On behalf of Smiley & Smiley, LLP posted in Premises Liability on Friday, January 16, 2015.
Premises liability is something that can come up in a wide variety of settings and can involve some rather serious injuries. Those who suffer serious injury or loss because of the negligence of a homeowner or business owner, of course, have the right to recover damages for medical costs and other losses.
Obtaining damages based on premises liability, though, is not an automatic occurrence. A plaintiff must be able to show several things: (a) that he or she was legally entitled to be on the property at the time of the incident, or, if trespassing was involved, that the owner was aware the plaintiff was trespassing on the property and acquiesced to it; (b) that the owner failed to take reasonable steps to address an unsafe condition about which he or she knew or should have known; and (c) that there was a causal connection between the owner’s negligence and the plaintiff’s injury.

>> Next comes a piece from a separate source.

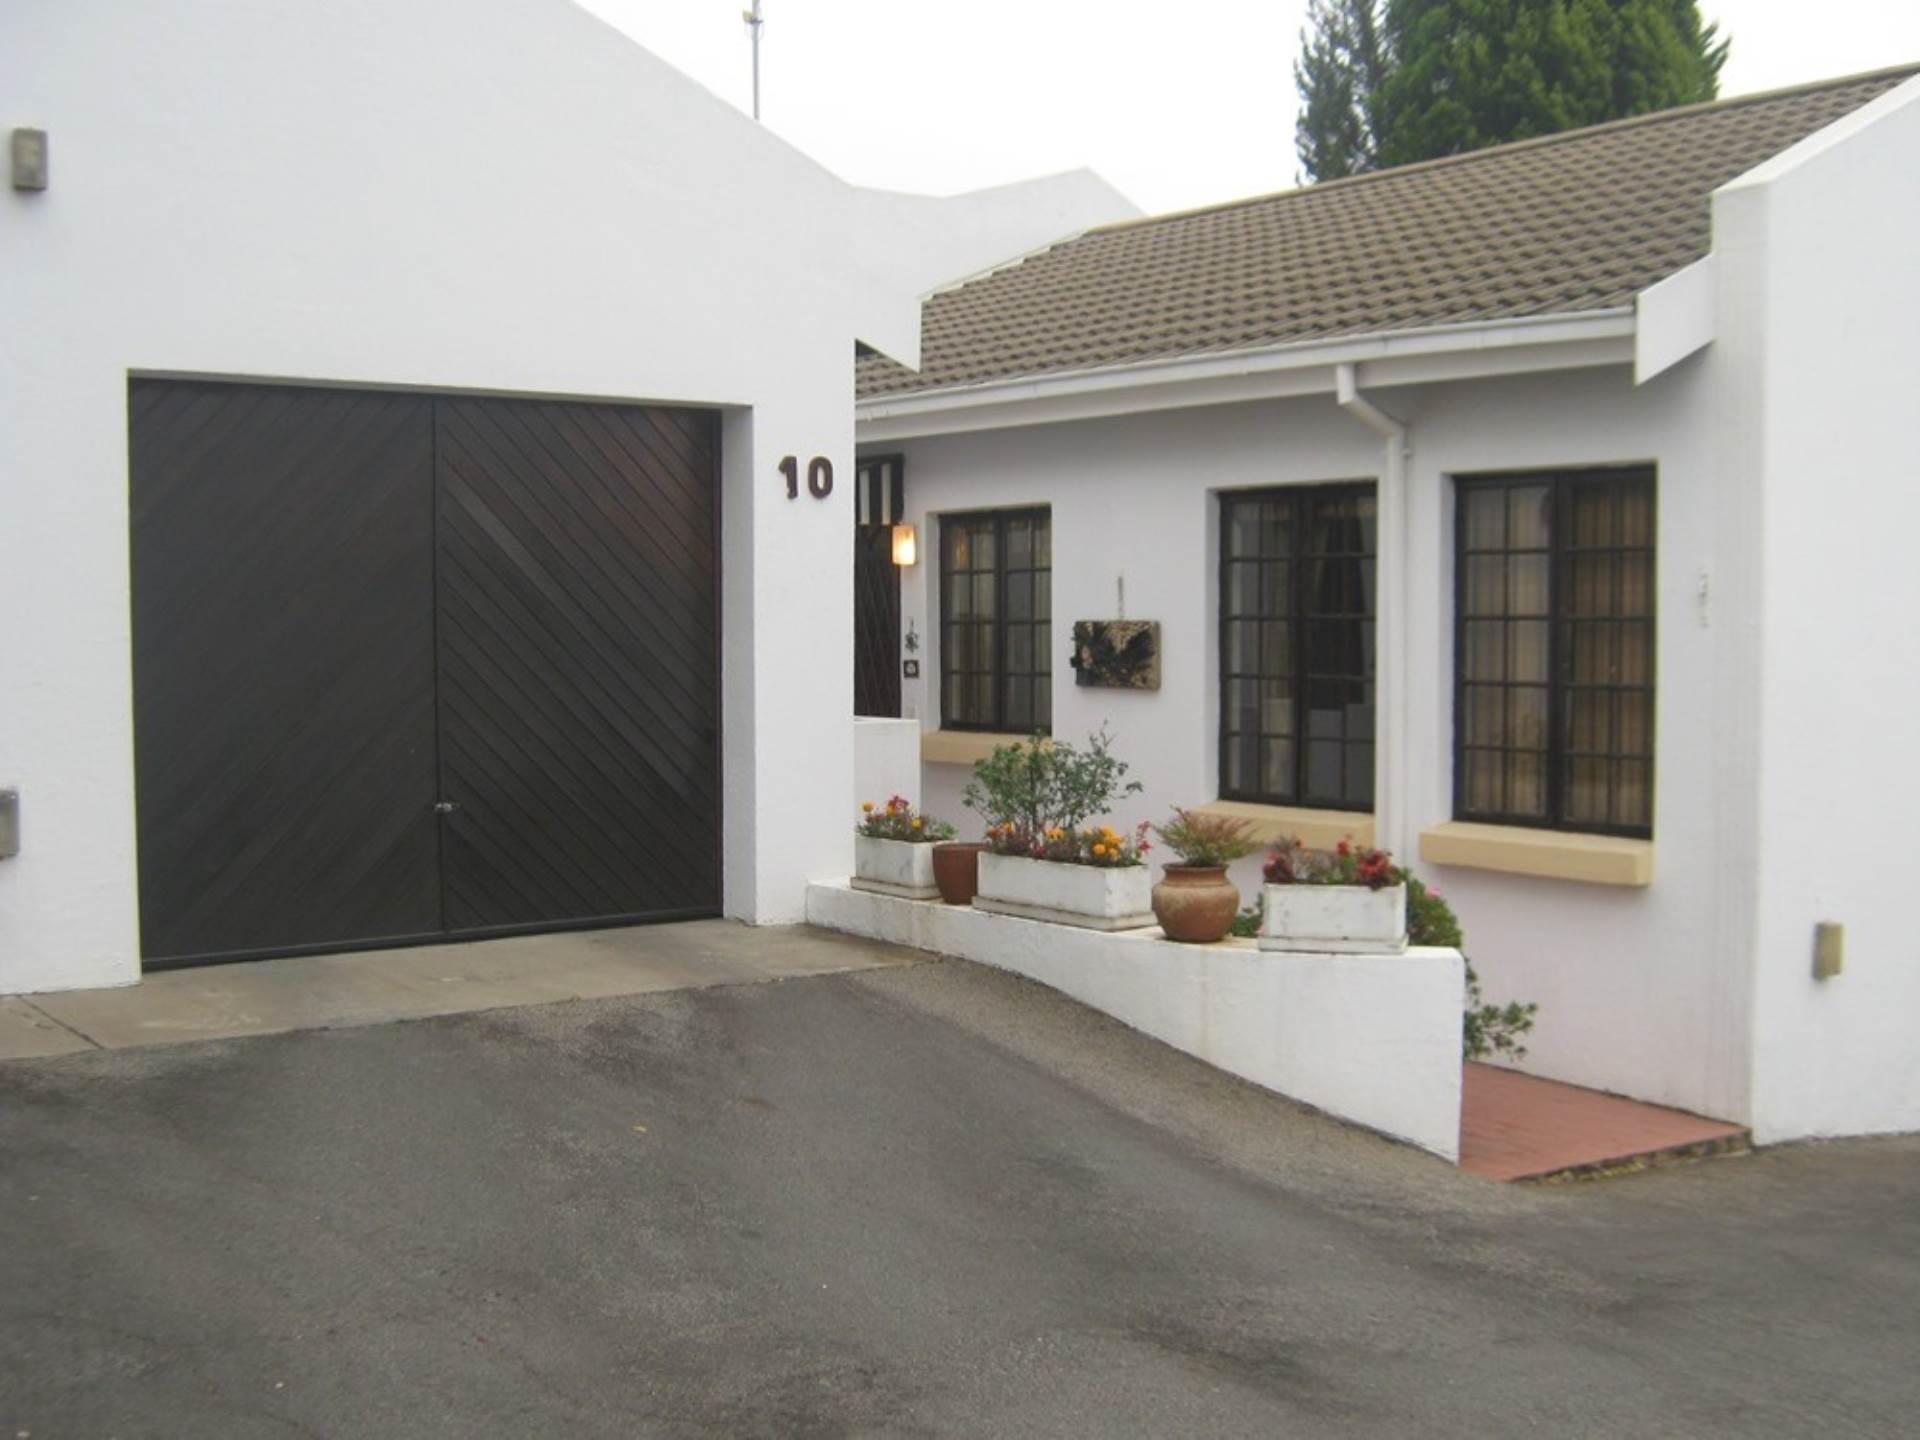 2 BedroomTownhouse To Rent In Bromhof

As implied above, those who trespass without the knowledge of the property owner take the risk that they will have no recourse if they are injured. That being said, an exception may be made for child trespassers who are attracted onto the property by a dangerous condition the property owner failed to address.
Complications in premises liability cases can arise because of comparative negligence, which could result in partial responsibility being assigned to the plaintiff for his or her injuries and losses. On the defendant’s end, issues may arise with respect to insurance coverage. Other cases may involve special rules that apply to leased properties. The bottom line, though, is that those who are involved in a New York premises liability case should seek out the assistance of an experienced personal injury attorney to ensure they have the guidance and advocacy they deserve.